● **DATA PROVIDED**
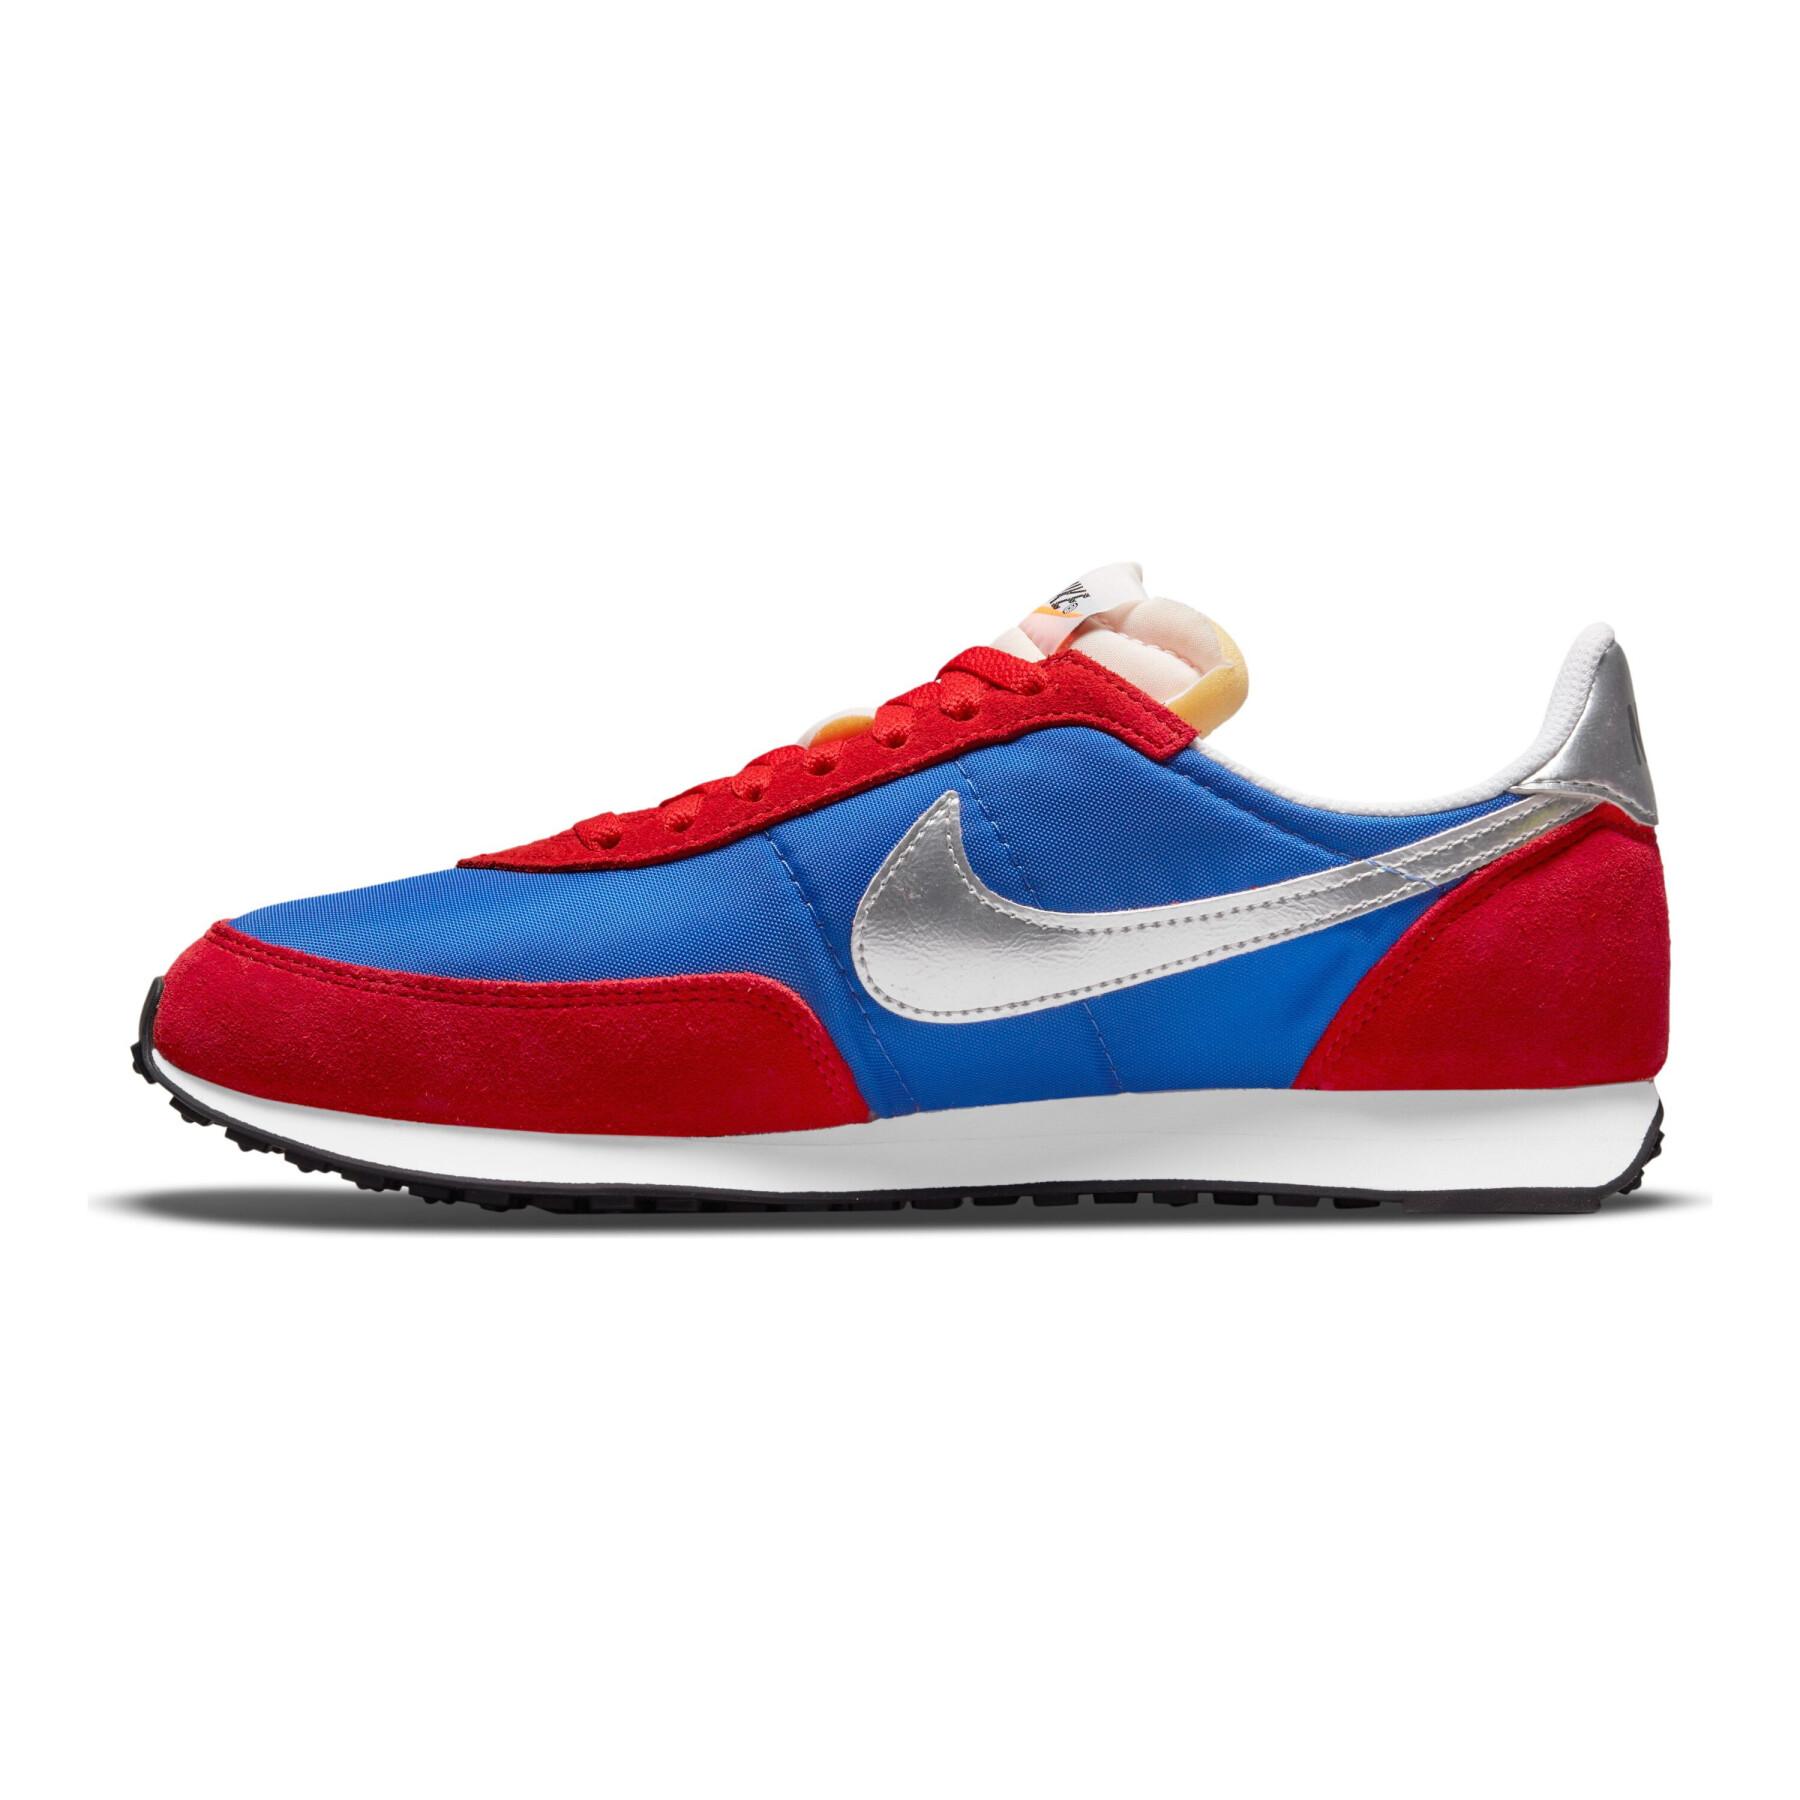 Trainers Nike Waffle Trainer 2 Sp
--
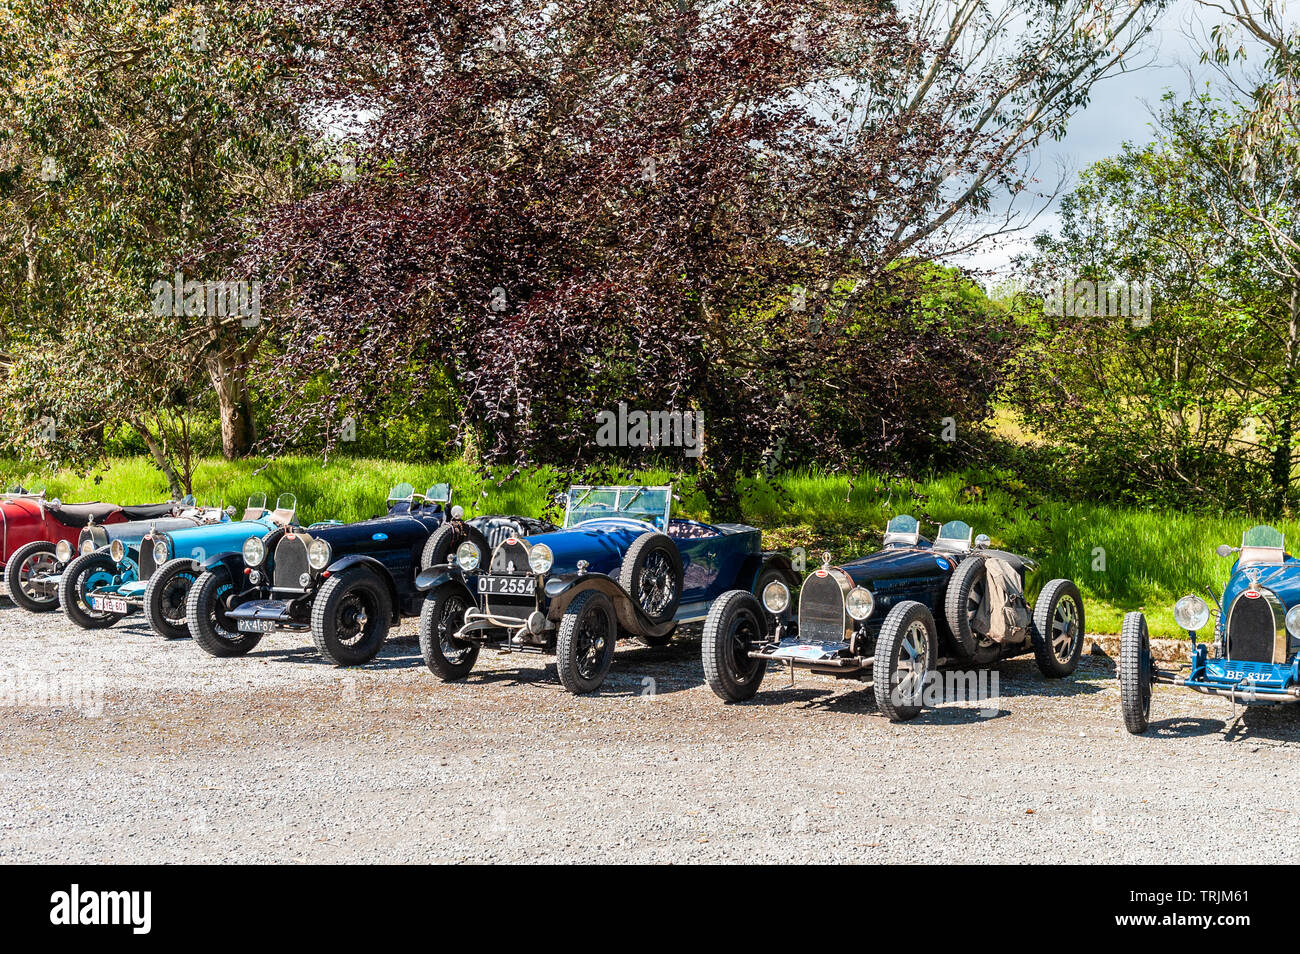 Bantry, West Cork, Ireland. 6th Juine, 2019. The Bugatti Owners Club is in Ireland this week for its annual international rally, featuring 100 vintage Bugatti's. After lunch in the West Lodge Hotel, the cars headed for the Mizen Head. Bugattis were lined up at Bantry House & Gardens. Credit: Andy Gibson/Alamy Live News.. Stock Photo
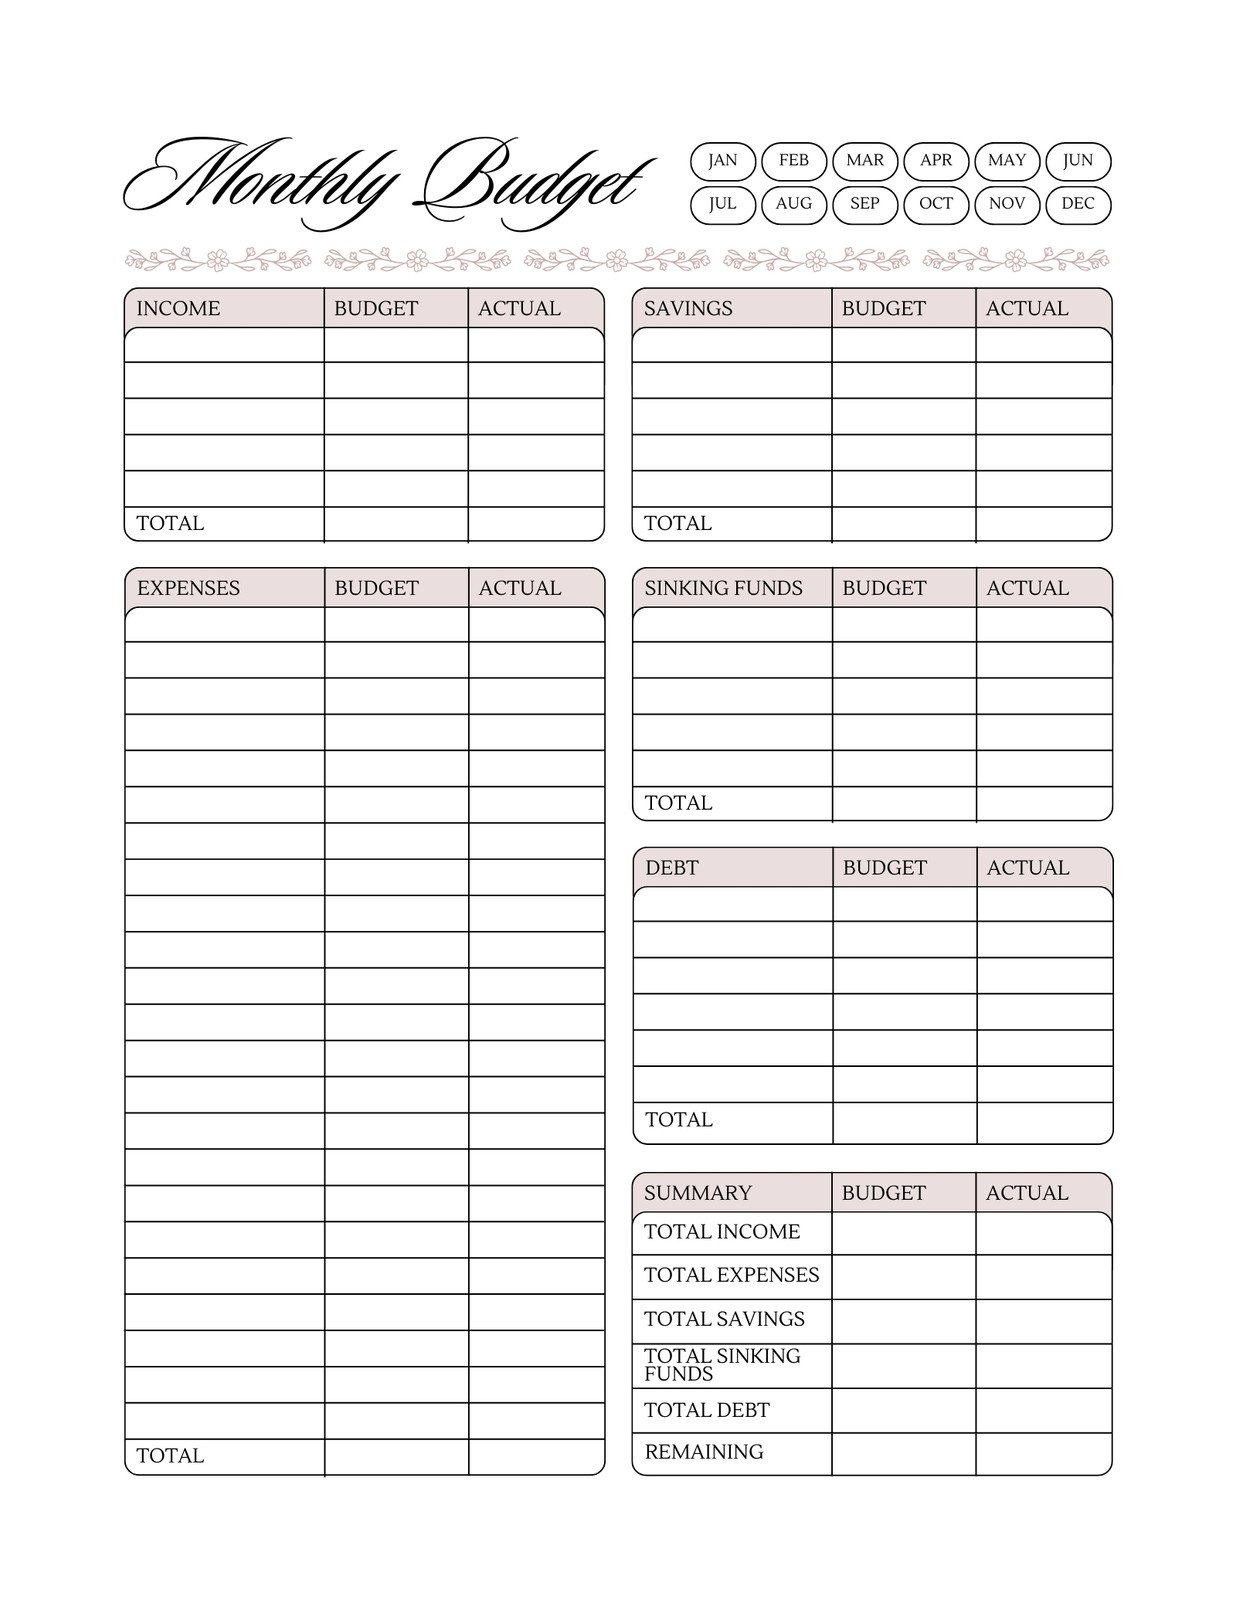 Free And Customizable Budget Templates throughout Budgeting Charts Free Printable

● **TRY IT**
Word for word, restate the lines above from the one with "Bantry, West Cork, Ireland." through the one with "Free And Customizable", keeping both ends and dropping the pictures.

● **OUTPUT FOR THIS EXERCISE**
 Bantry, West Cork, Ireland. 6th Juine, 2019. The Bugatti Owners Club is in Ireland this week for its annual international rally, featuring 100 vintage Bugatti's. After lunch in the West Lodge Hotel, the cars headed for the Mizen Head. Bugattis were lined up at Bantry House & Gardens. Credit: Andy Gibson/Alamy Live News.. Stock Photo
 Free And Customizable Budget Templates throughout Budgeting Charts Free Printable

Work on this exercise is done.